* _Collected data_
◇ ◇ ◇ ◇
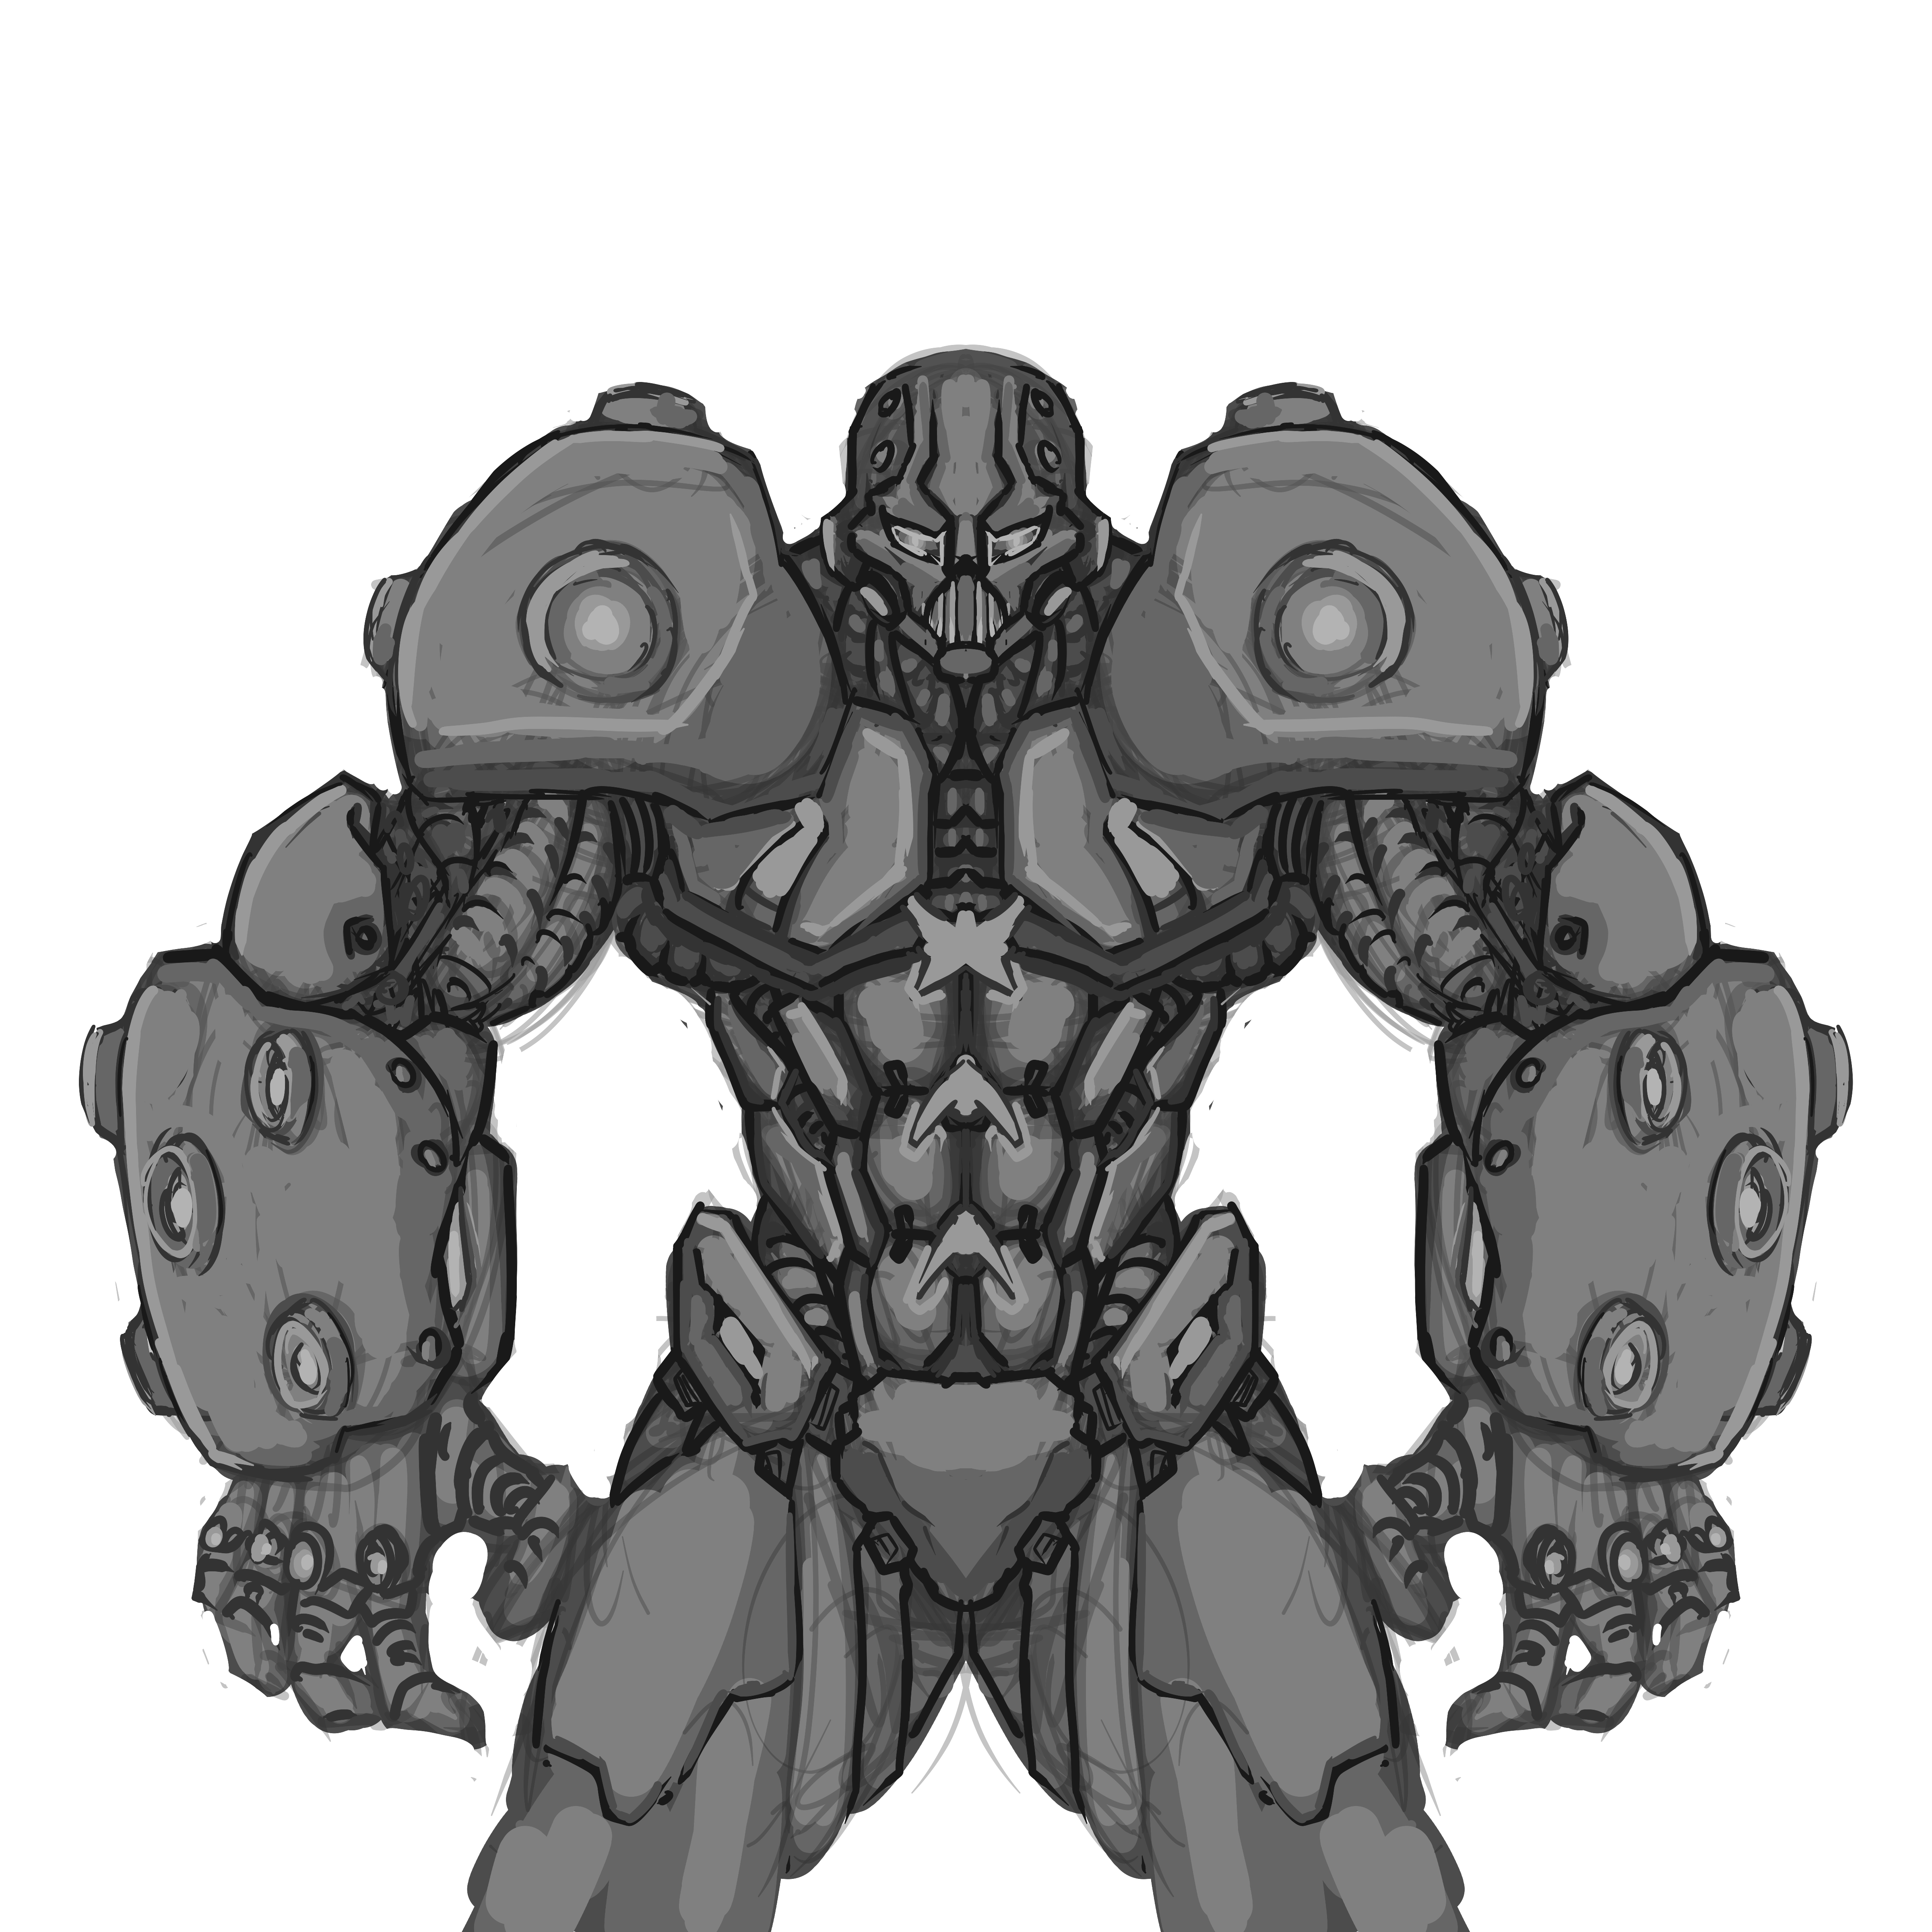 an intimidating robot warrior
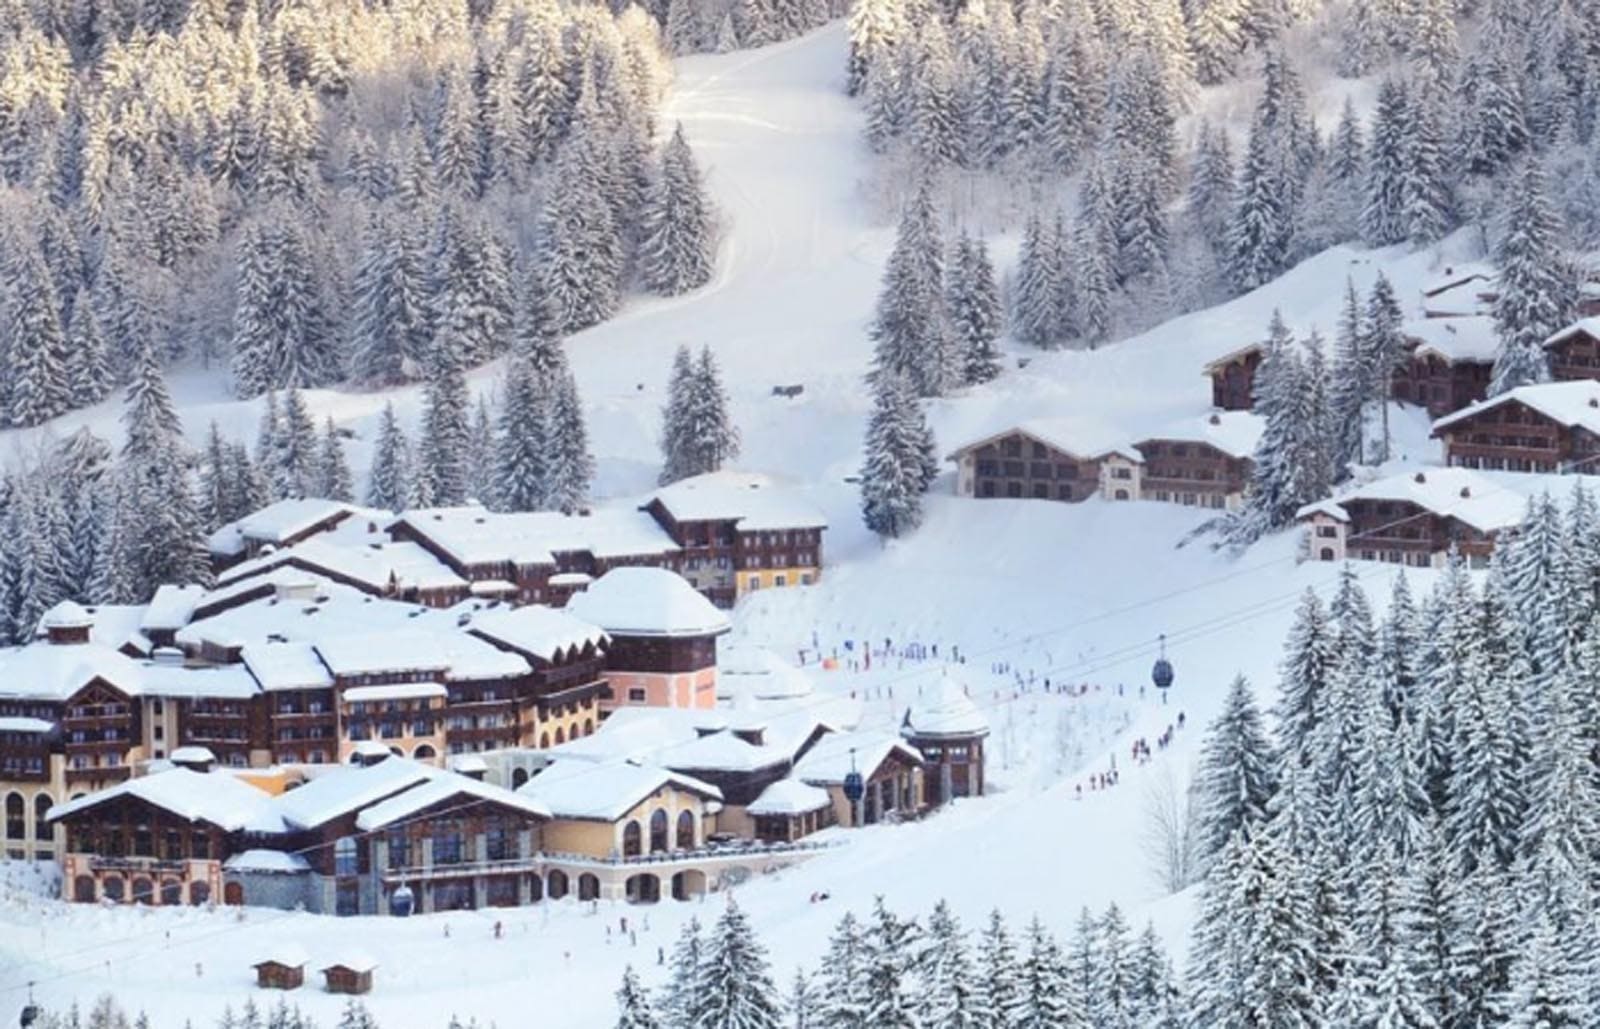 The traditional mountain ski resort of Valmorel
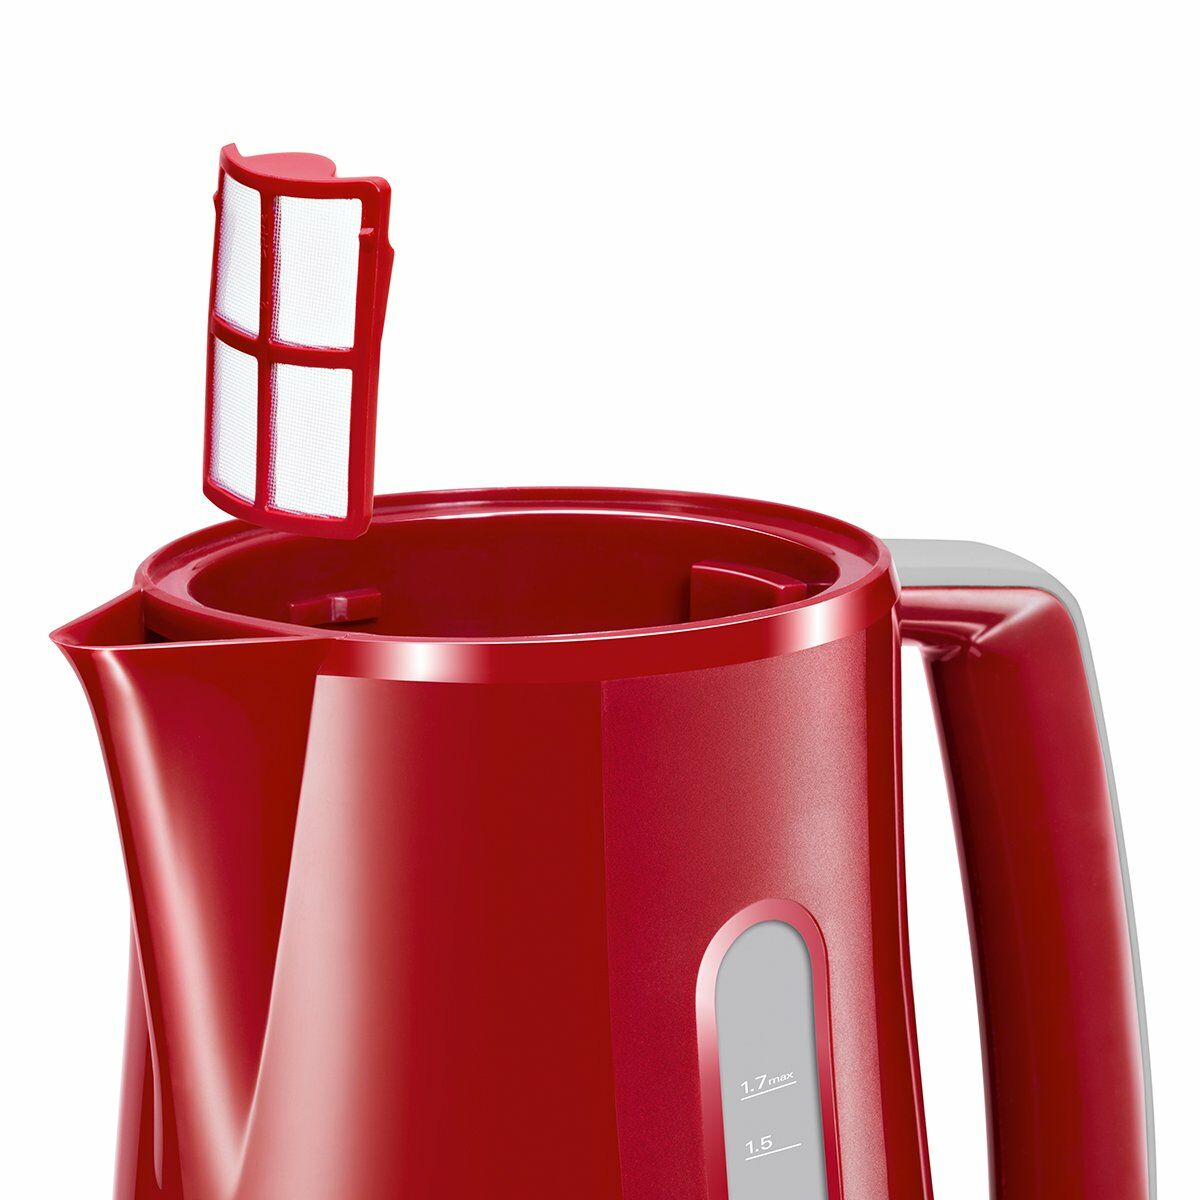 Kaufe Wasserkocher BOSCH TWK3A014 Rot Ja Edelstahl Kunststoff Kunststoff/Edelstahl 2400 W 1,7 L bei AWK Flagship um € 55.00
◇ ◇ ◇ ◇
All the lines above must be written out exactly, without a single picture.

* _Result below_
 an intimidating robot warrior
 The traditional mountain ski resort of Valmorel
 Kaufe Wasserkocher BOSCH TWK3A014 Rot Ja Edelstahl Kunststoff Kunststoff/Edelstahl 2400 W 1,7 L bei AWK Flagship um € 55.00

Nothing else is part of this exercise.